= Complete market =

Concept in economics

In economics, a complete market ( Arrow-Debreu market or complete system of markets) is a market with two conditions:

1. Negligible transaction costs and therefore also perfect information,
2. Every asset in every possible state of the world has a price.

In such a market, the complete set of possible bets on future states of the world can be constructed with existing assets without friction. Here, goods are state-contingent; that is, a good includes the time and state of the world in which it is consumed. For instance, an umbrella tomorrow if it rains is a distinct good from an umbrella tomorrow if it is clear. The study of complete markets is central to state-preference theory.

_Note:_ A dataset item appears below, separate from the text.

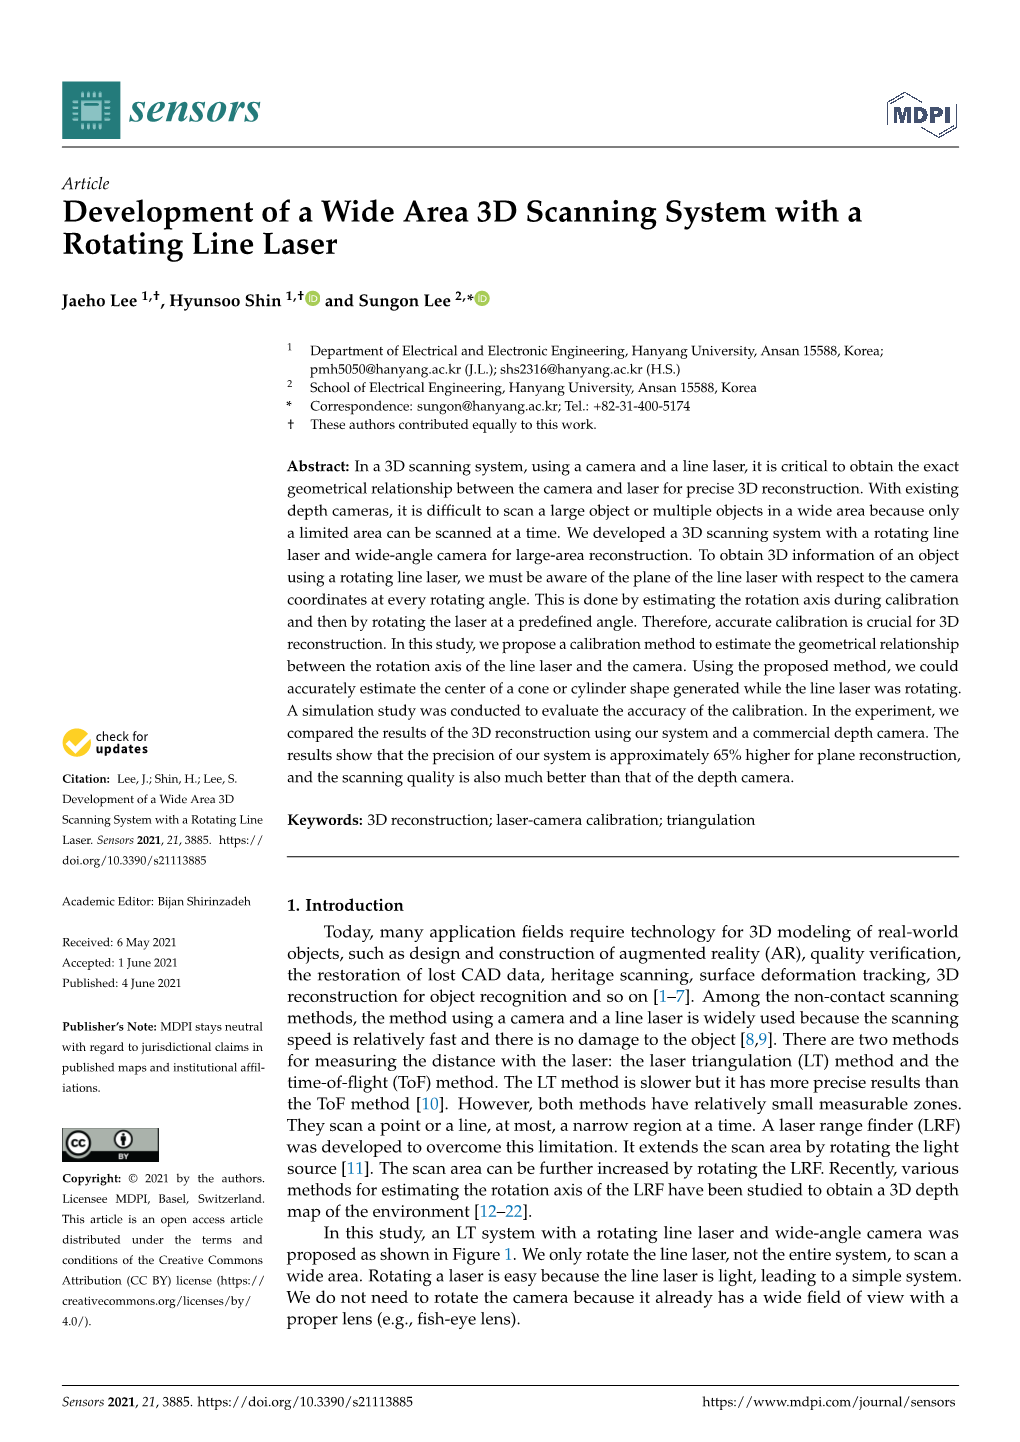 Development of a Wide Area 3D Scanning System with a Rotating Line Laser

The theory can be traced to the work of Kenneth Arrow (1964), Gérard Debreu (1959), Arrow & Debreu (1954) and Lionel McKenzie (1954). Arrow and Debreu were awarded the Nobel Memorial Prize in Economics (Arrow in 1972, Debreu in 1983), largely for their work in developing the theory of complete markets and applying it to the problem of general equilibrium.

== States of the world ==
A state of the world is a complete specification of the values of all relevant variables over the relevant time horizon. A state-contingent claim, or state claim, is a contract whose future payoffs depend on future states of the world. For example, suppose you can bet on the outcome of a coin toss. If you guess the outcome correctly, you will win one dollar, and otherwise you will lose one dollar. A bet on heads is a state claim, with payoff of one dollar if heads is the outcome, and payoff of negative one dollar if tails is the outcome. "Heads" and "tails" are the states of the world in this example. A state-contingent claim can be represented as a payoff vector with one element for each state of the world, e.g. (payoff if heads, payoff if tails). So a bet on heads can be represented as ($1, −$1) and a bet on tails can be represented as (−$1, $1). Notice that by placing one bet on heads and one bet on tails, you have a state-contingent claim of ($0, $0); that is, the payoff is the same regardless of which state of the world occurs.

== Dynamically-complete market ==
In order for a market to be complete, it must be possible to instantaneously enter into any position regarding any future state of the market.